§ **Assignment**: Leave out any picture and return the remaining listing below exactly as given.

§ **Stored data**:
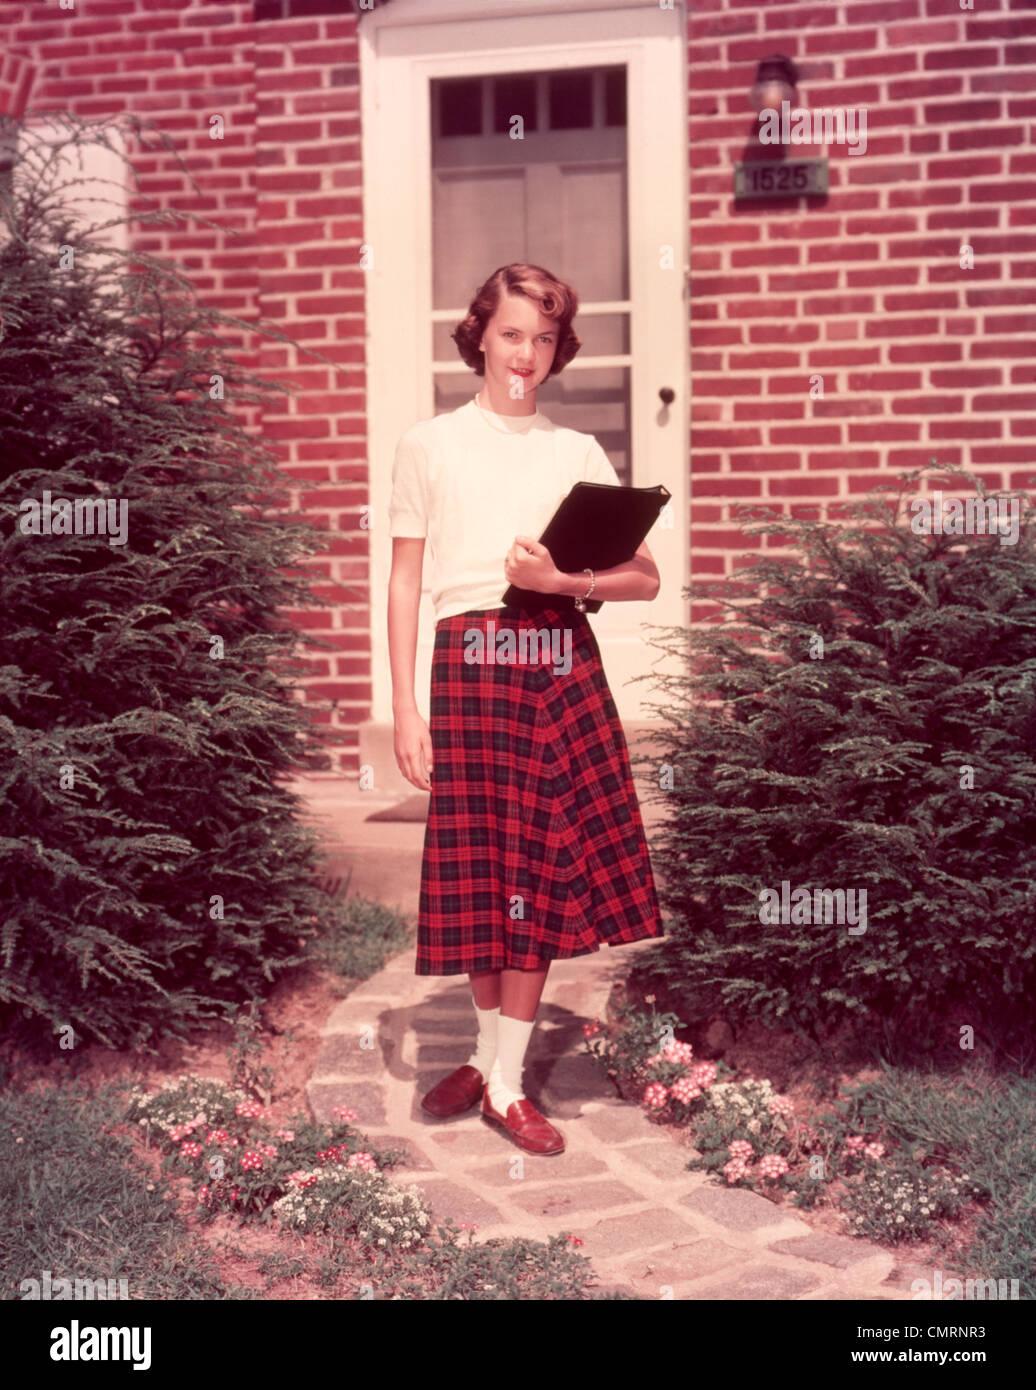 1950s Woman Walking Imágenes De Stock & 1950s Woman Walking Fotos De ...
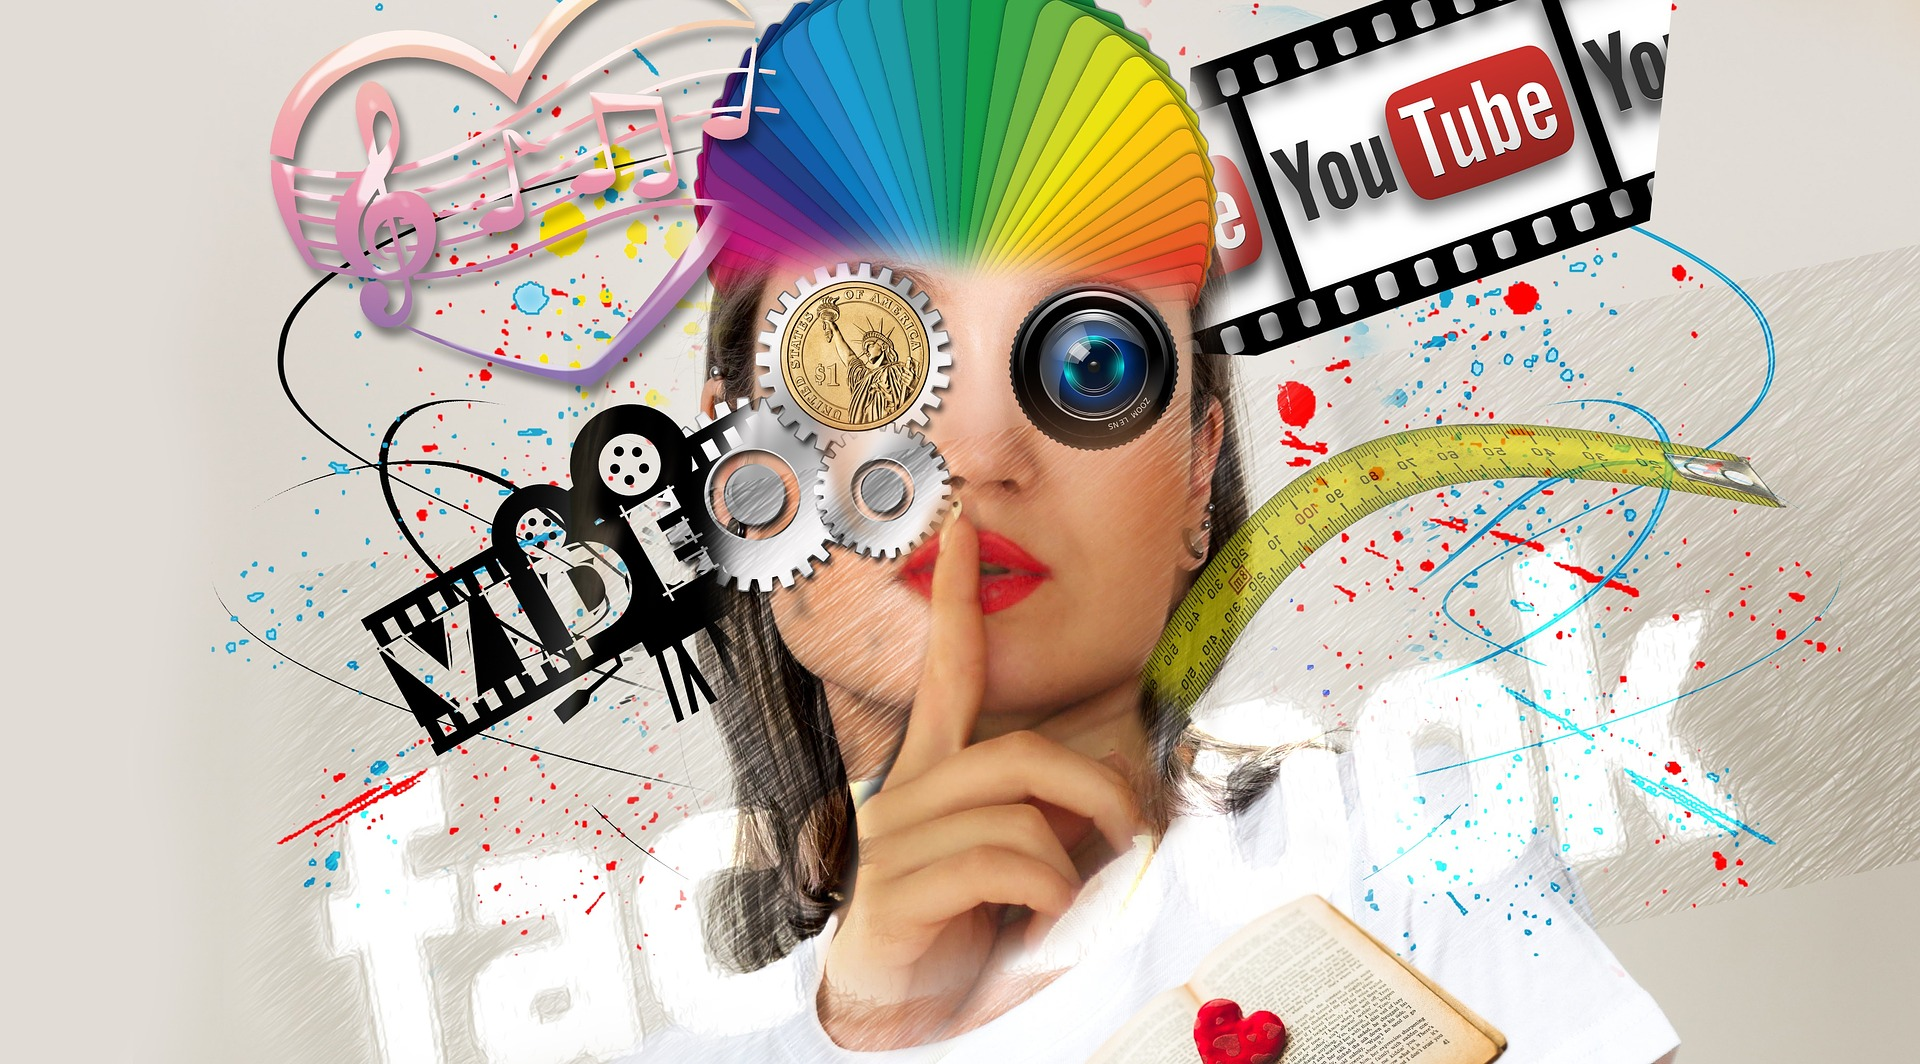 Branding: How to build brand awareness
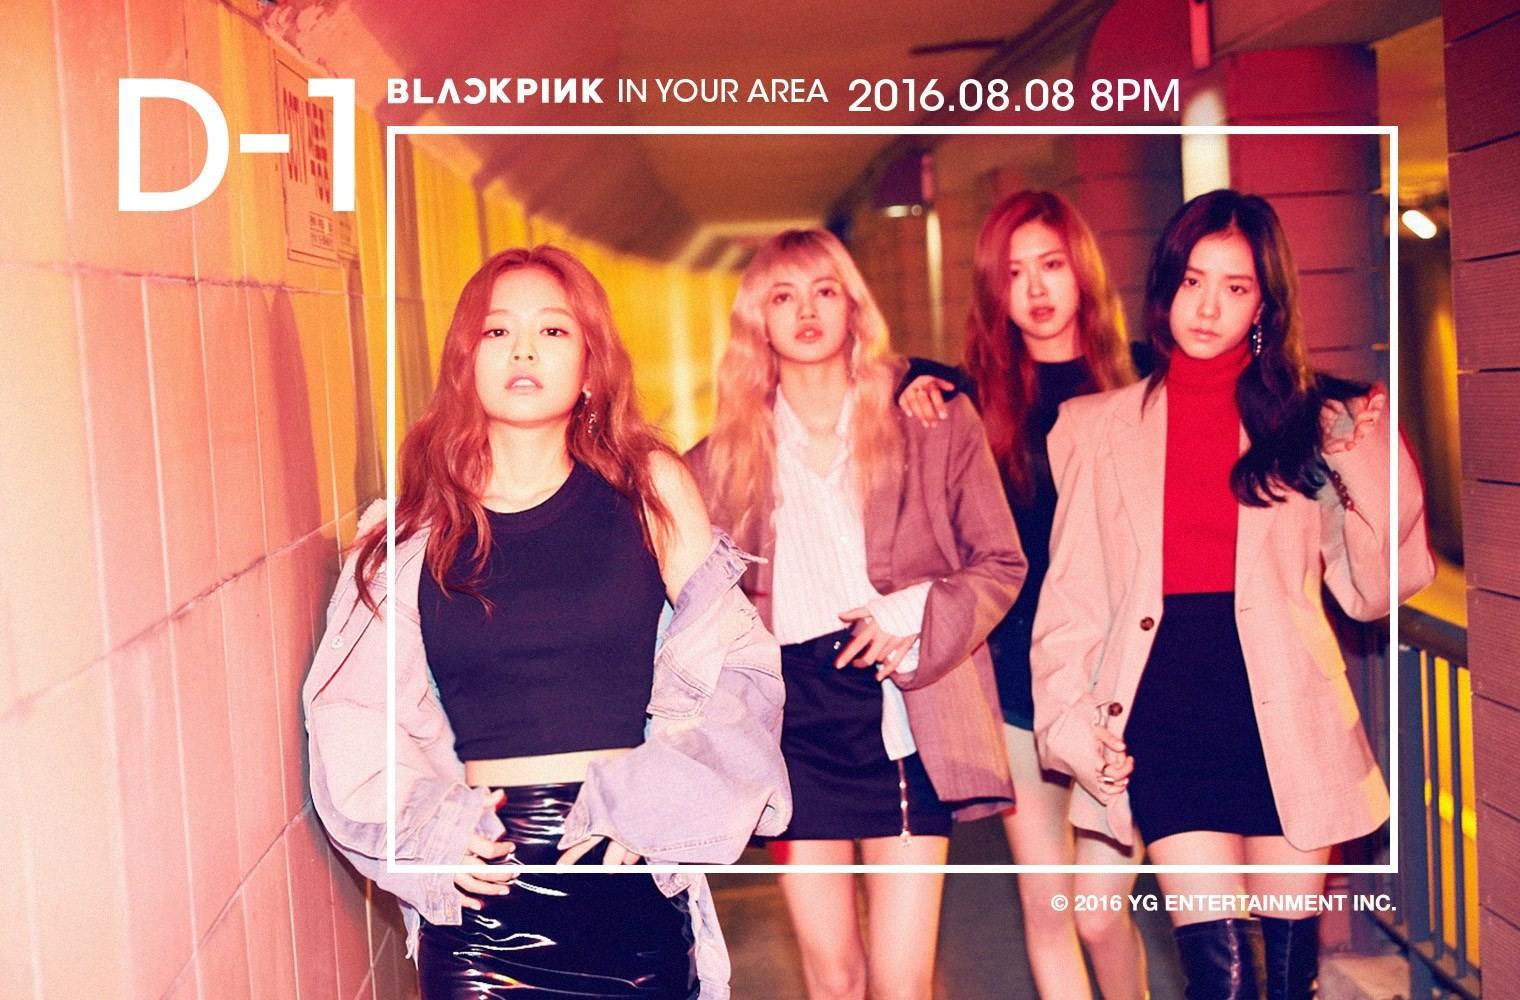 #24. BLACKPINK BLACK PINK帶有稍微否定粉紅色是最美的顏色的涵義,具有『漂亮並不代表全部』的反轉意義,也表示成員們不僅具備外貌、同時也兼具實力。

§ **Output below**:
 1950s Woman Walking Imágenes De Stock & 1950s Woman Walking Fotos De ...
 Branding: How to build brand awareness
 #24. BLACKPINK BLACK PINK帶有稍微否定粉紅色是最美的顏色的涵義,具有『漂亮並不代表全部』的反轉意義,也表示成員們不僅具備外貌、同時也兼具實力。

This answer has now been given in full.